The concrete jungles that once dominated Singapore’s skyline are slowly giving way to green skyscrapers, which look more like living ecosystems than business hubs. Fervently working towards its "City in a Garden" dream, the nation is ploughing money into becoming more sustainable and, well, green. Head out of town a little and you’ll find plenty of walking trails, treetop jungle bridges, wildlife galore and the city's green jewel, the Unesco World Heritage–listed Singapore Botanic Gardens: these are the lungs of Singapore, according to Lonely Planet.

Food in Singapore is taken very seriously. From cheap hawker fare to Michelin-starred fine dining, food-enamored Singaporeans will line up for it, Instagram the hell out of it and passionately debate whether it is up to the hype. Don’t fret about finding a place to chow down, as each neighborhood is home to local hawker centers and coffeeshops dishing up some of the island’s best meals for just a couple of bucks. Simply follow your nose or join the longest queue – whatever morsels lie at the end, they are almost guaranteed to be scrumptious.

3. Vatican City

Photo: Daily Travel Pill
Photo: Daily Travel Pill

Vatican City is an independent city-state and enclave located within Rome, Italy. The Vatican City State, also known simply as the Vatican, became independent from Italy with the Lateran Treaty (1929), and it is a distinct territory under "full ownership, exclusive dominion, and sovereign authority and jurisdiction" of the Holy See, itself a sovereign entity of international law, which maintains the city state's temporal, diplomatic, and spiritual independence. With an area of 49 hectares (121 acres) and a population of about 825, it is the smallest state in the world by both area and population. As governed by the Holy See, the Vatican City State is an ecclesiastical or sacerdotal-monarchical state (a type of theocracy) ruled by the pope who is the bishop of Rome and head of the Catholic Church. The highest state functionaries are all Catholic clergy of various national origins. After the Avignon Papacy (1309–1437), the popes have mainly resided at the Apostolic Palace within what is now Vatican City, although at times residing instead in the Quirinal Palace in Rome or elsewhere.

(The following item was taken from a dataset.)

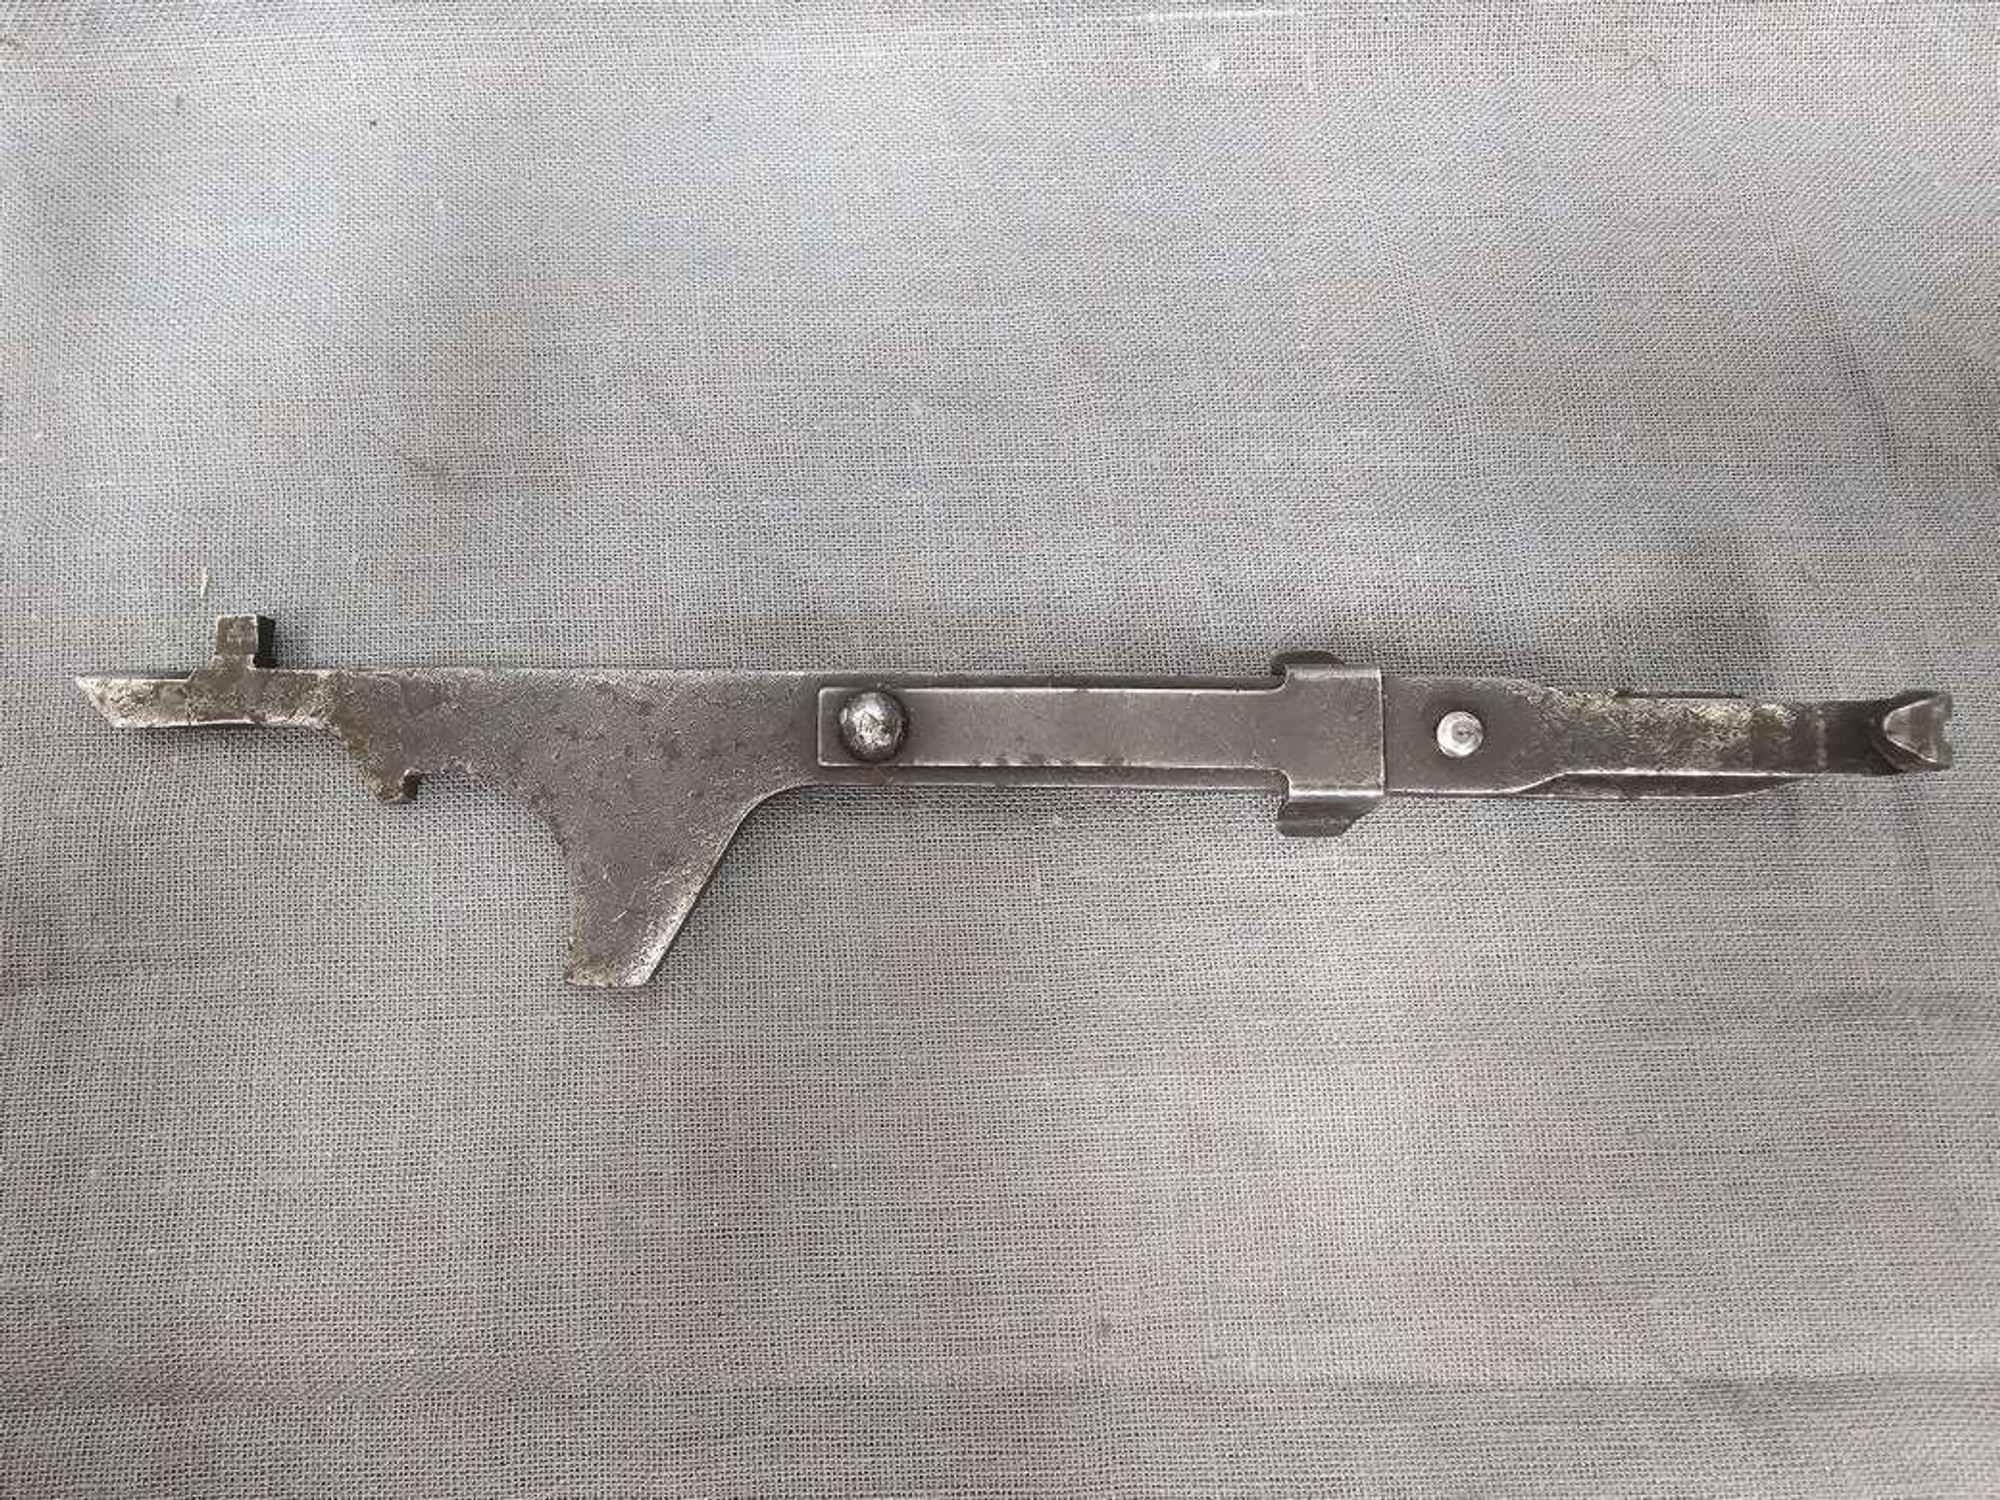 Canadian Armed Forces C1/L1A1/FN-FAL Assembly/Disassembly Tool

The Holy See dates back to Early Christianity and is the principal episcopal see of the Catholic Church, which has approximately 1.329 billion baptized Catholic Christians in the world as of 2018 in the Latin Church and 23 Eastern Catholic Churches. The independent state of Vatican City, on the other hand, came into existence on 11 February 1929 by the Lateran Treaty between the Holy See and Italy, which spoke of it as a new creation, not as a vestige of the much larger Papal States (756–1870), which had previously encompassed much of central Italy.

Within Vatican City are religious and cultural sites such as St. Peter's Basilica, the Sistine Chapel, and the Vatican Museums. They feature some of the world's most famous paintings and sculptures. The unique economy of Vatican City is supported financially by donations from the faithful, by the sale of postage stamps and souvenirs, fees for admission to museums, and sales of publications.

Nowadays, we have Singapore, Monaco, and the Vatican as the modern independent city-states; whereas cities such as Hong Kong, Macau, and Dubai are autonomous cities - independently functioning with their own governments but are still part of larger nations.

It seems hard to imagine a world without countries, but with the rising level of political and economic anxiety, there are talks of demanding independence for major cities.